Profiles let you store named dmd clean presets in config.json.

Use profiles when:

  • you keep repeating the same cleanup command
  • you want a reusable preset with retention and output defaults
  • you want a cleaner base for recurring maintenance later

Do not reach for profiles too early if you are still learning the tool. For a first manual run, use First Run first.

A profile is a saved baseline for dmd clean.

Instead of typing:

Terminal window
dmd clean --include-ids <id> --keep-within 2w --keep-last 20 --preserve-cache --dry-run

every time, you can store that shape once and run:

Terminal window
dmd clean --profile nightly-dms

CLI flags still override the profile for that run:

Terminal window
dmd clean --profile nightly-dms --keep-last 5 -vv

List configured profiles:

Terminal window
dmd list profiles

Inspect available field names and value types:

Terminal window
dmd profile fields

For exact accepted value formats, see Value Formats.

Create a profile:

Terminal window
dmd profile add nightly-dms \
--set include_ids=<id> \
--set keep_within=2w \
--set preserve_cache=true

For include_ids and exclude_ids, profile commands accept full IDs or unique ID suffixes. They validate those values through Discord and store full IDs in config.json. When scope fields are set, profile commands use your stored login, DISCORD_TOKEN, or --token for validation.

Show what is stored:

Terminal window
dmd profile show nightly-dms

Update it later:

Terminal window
dmd profile update nightly-dms --set verbose=2 --unset fetch_within max_messages

Remove it when you no longer need it:

Terminal window
dmd profile remove nightly-dms

If you want a full recurring-maintenance example, continue with Recurring Cleanup with Profiles.

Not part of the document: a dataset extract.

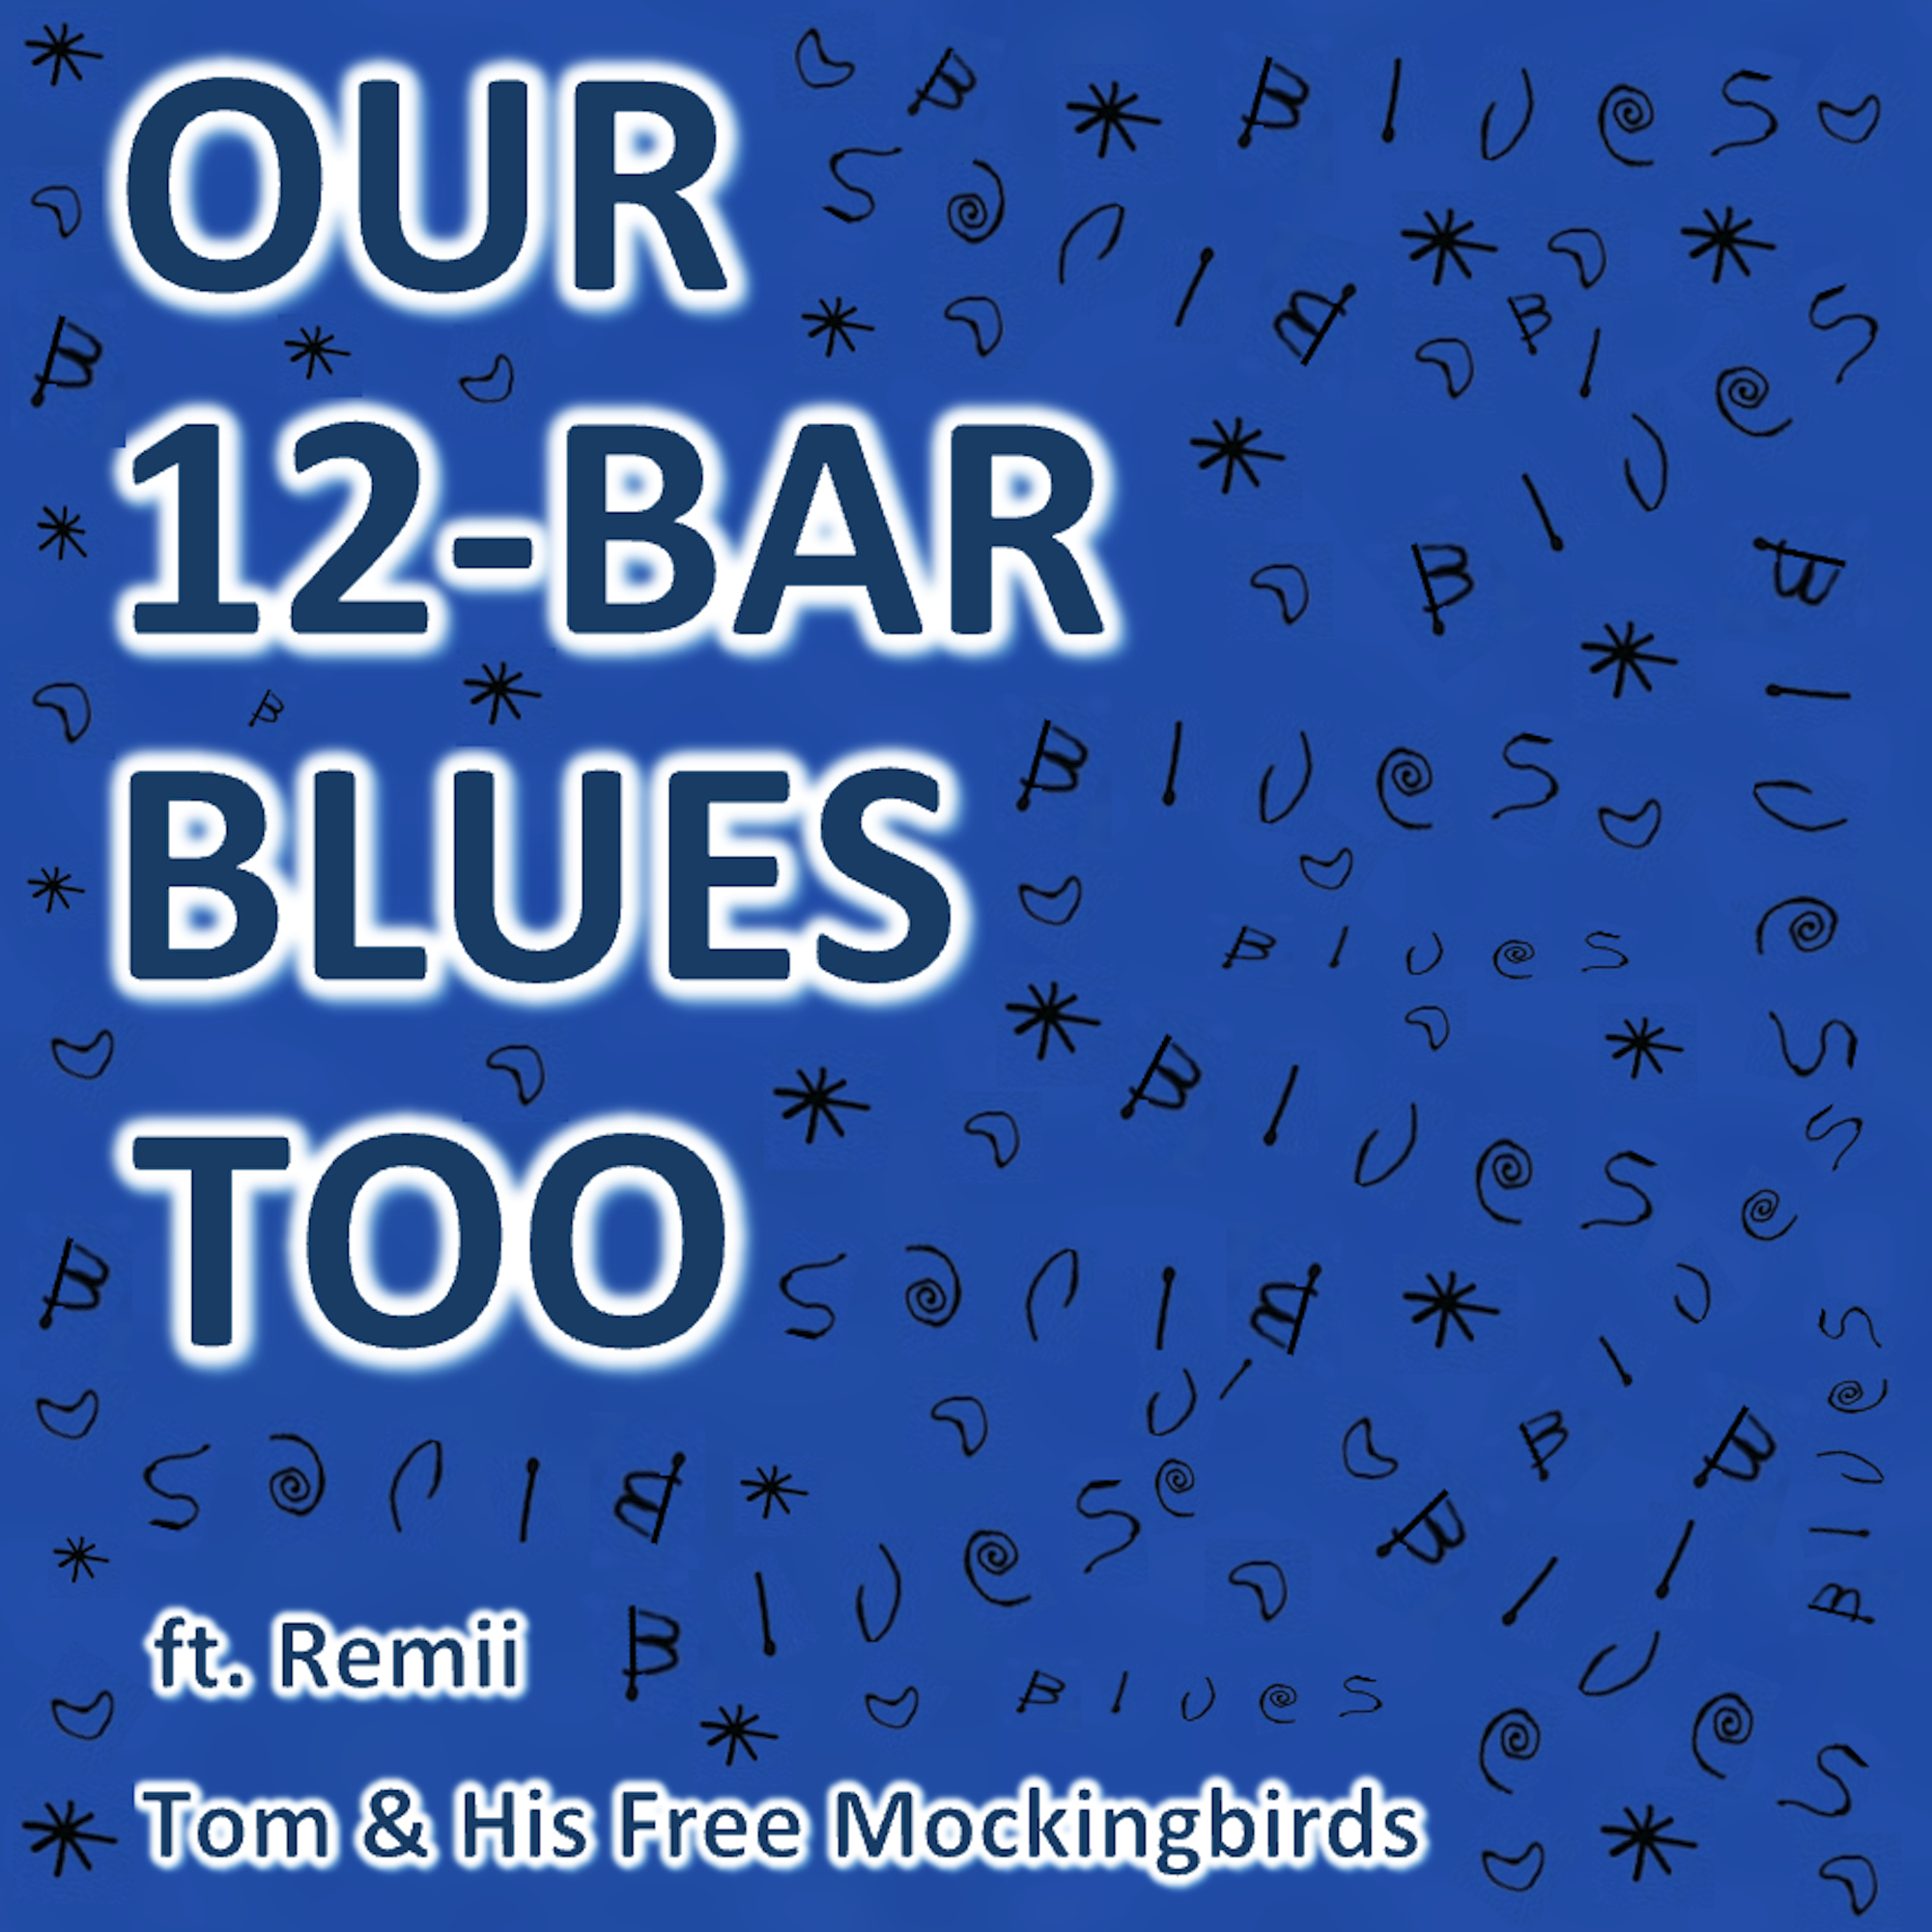 Unveiling the Essence of Tom & His Free Mockingbirds: ‘Our 12-Bar Blues Too’ Echoes Through the Blues Powerplay on the playlist

Profiles live under the top-level profiles object in config.json.

Example:

{
"profiles": {
"nightly-dms": {
"include_ids": ["123456789012345678"],
"keep_last": 0,
"keep_last_scope": "all",
"keep_within": "2w",
"preserve_cache": true,
"verbose": 1
}
}
}

Profile config supports both canonical JSON values and compact input forms. Profile commands may rewrite compact forms into canonical JSON.

The important rule: --set is an input format, not a promise that the exact text is preserved in config.json.

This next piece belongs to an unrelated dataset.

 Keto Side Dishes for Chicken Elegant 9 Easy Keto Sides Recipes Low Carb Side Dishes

See Value Formats for the exact normalization rules.

Effective settings are resolved in this order:

  1. built-in CLI defaults
  2. profile values
  3. explicit CLI flags

That means the profile is a base preset, not a lock. If you add a flag on the command line, the command line wins.

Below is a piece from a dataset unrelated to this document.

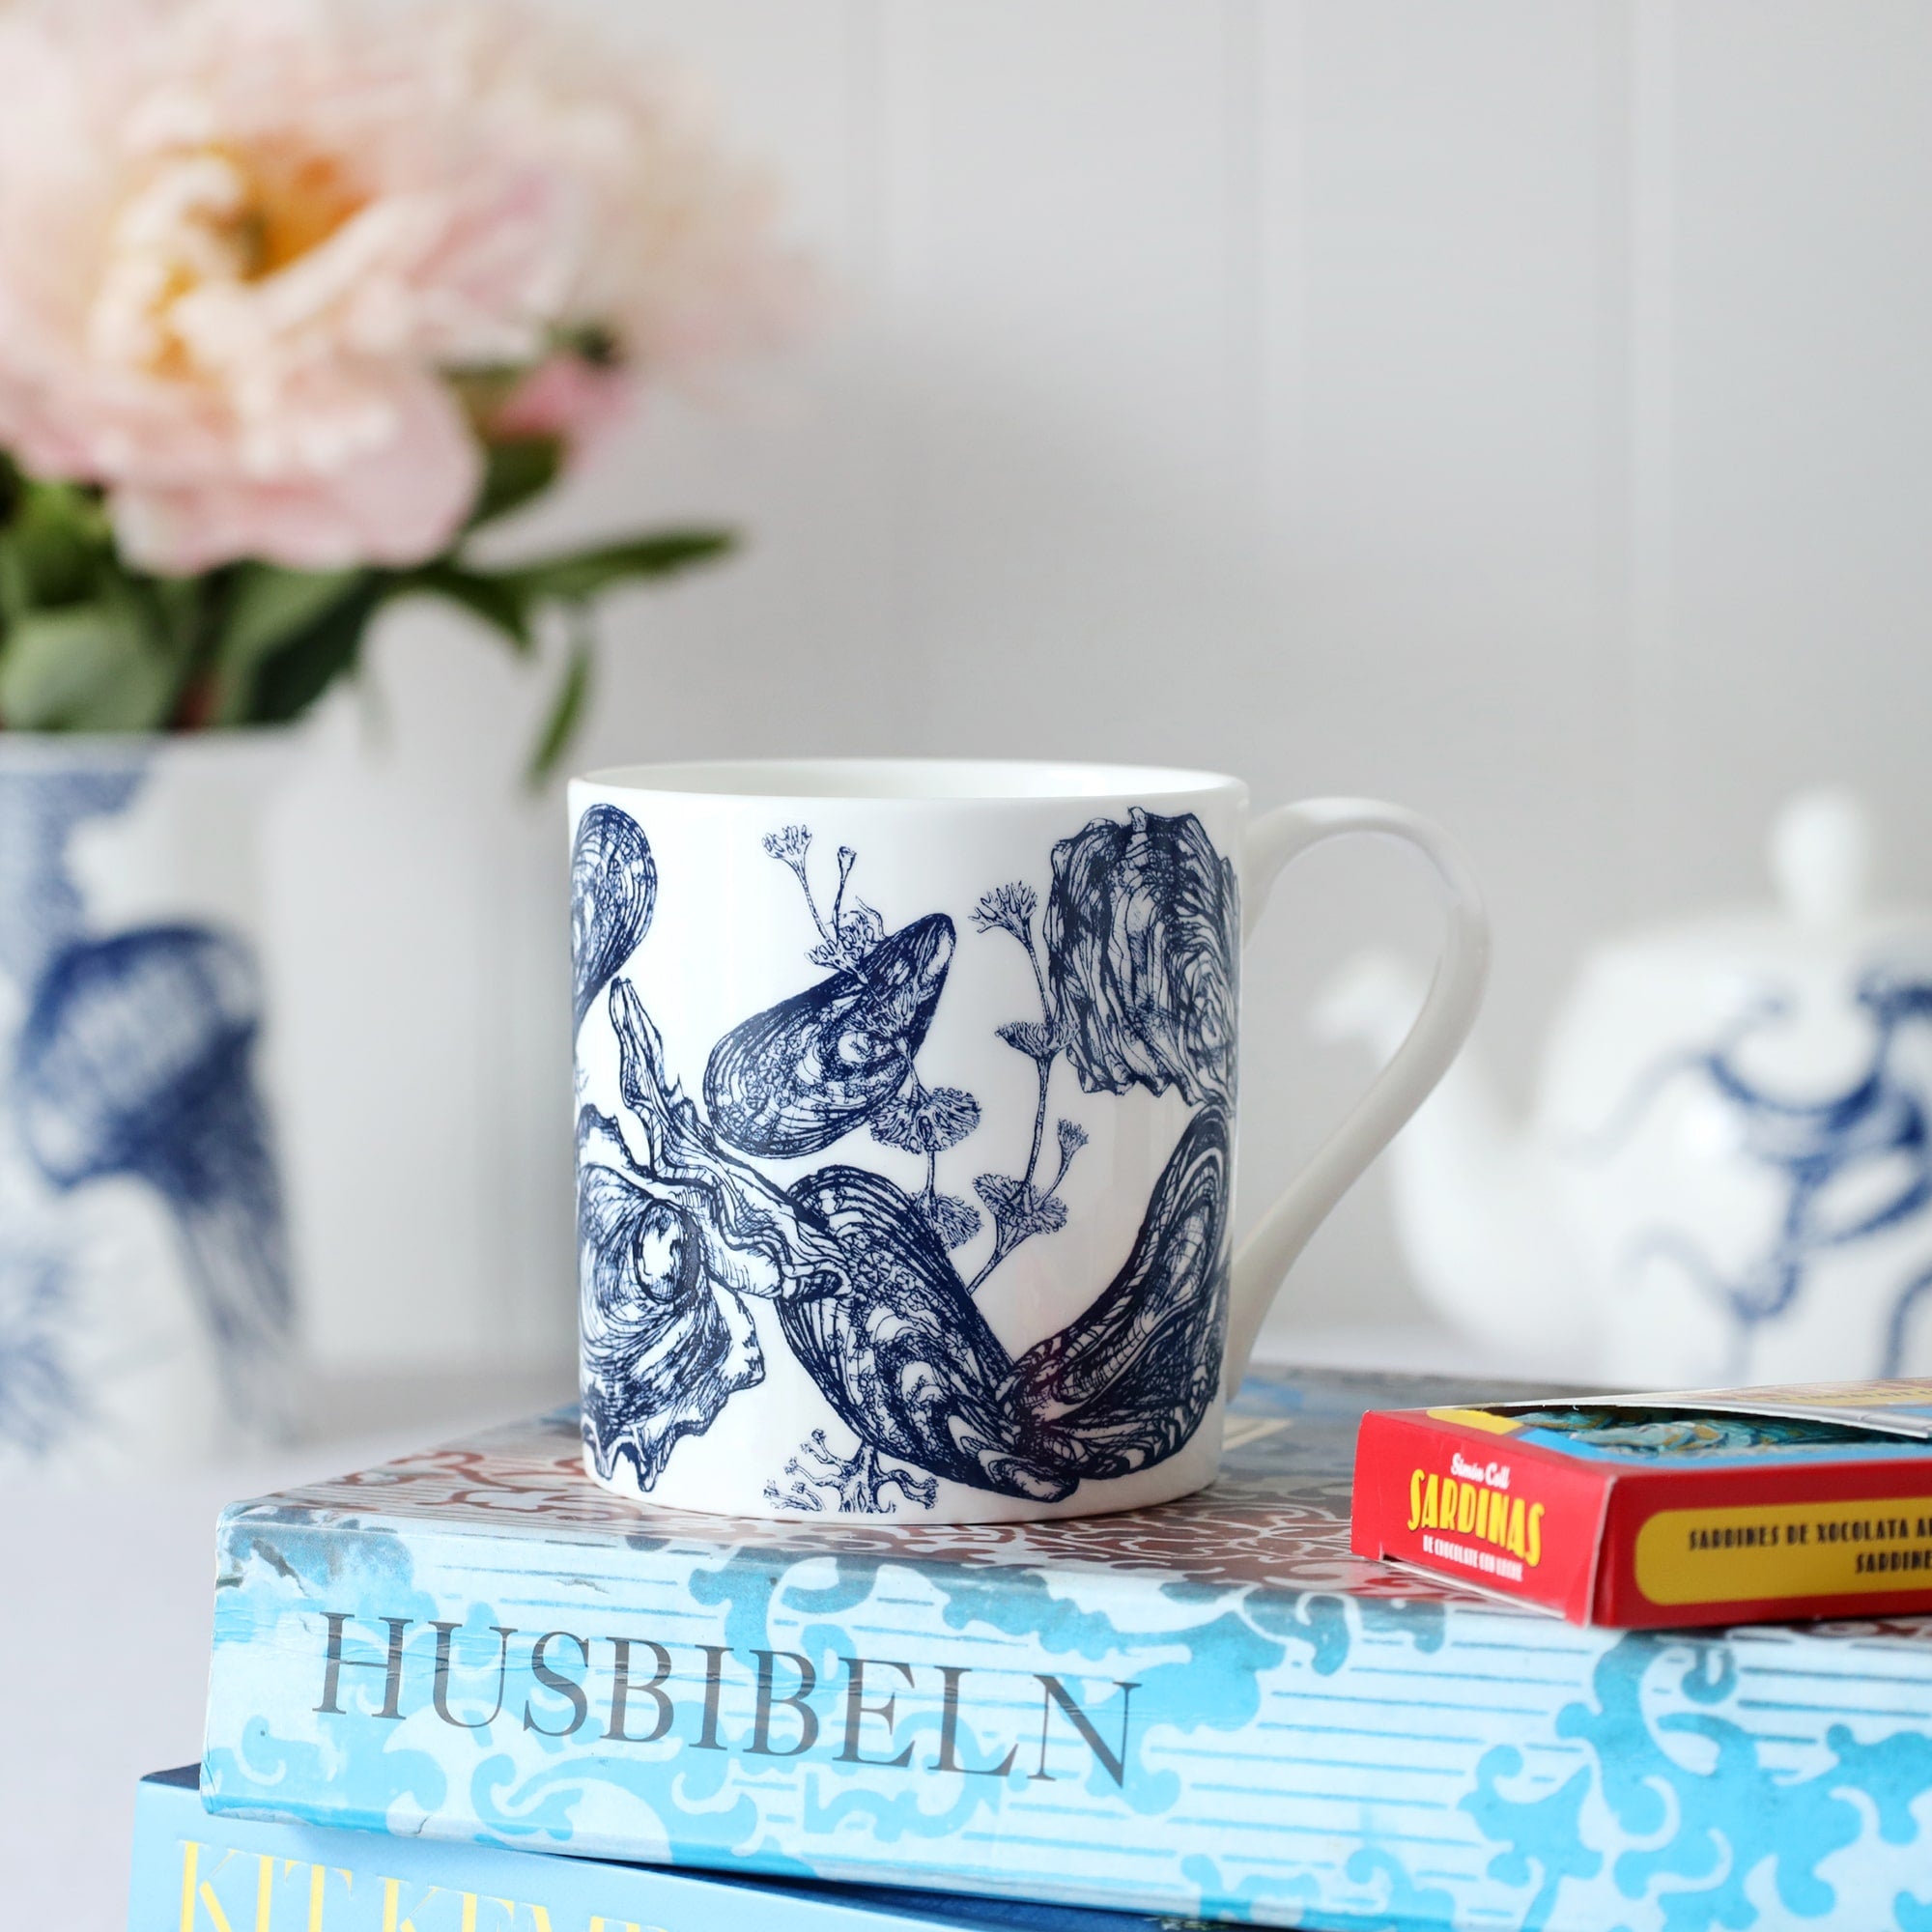 A close up of a white bone china mug with dark blue illustrated mussels & oyster design mug. This is sitting on a white table cloth with a plate and biscuits and some flowers in the background.

Profile management commands keep command-output flags separate from stored profile values.

That means:

  • --json, --quiet, and -v affect the command you are running now
  • stored profile values are written through --set key=value

Examples:

Terminal window
dmd profile add nightly-dms --json \
--set include_ids=<id> \
--set keep_last=20 \
--set dry_run=true
dmd profile update nightly-dms --set verbose=1 --unset fetch_within

In the first example:

  • --json changes the output format of profile add
  • include_ids, keep_last, and dry_run are written into the stored profile

--set uses stored snake_case field names directly.

Examples:

Terminal window
--set keep_last=20
--set keep_within=2w
--set preserve_cache=true
--set include_ids=123,456
--set retry_time_buffer=25,35
--set redact_sensitive=4
--set redact_names=false

Detailed parsing rules live in Value Formats.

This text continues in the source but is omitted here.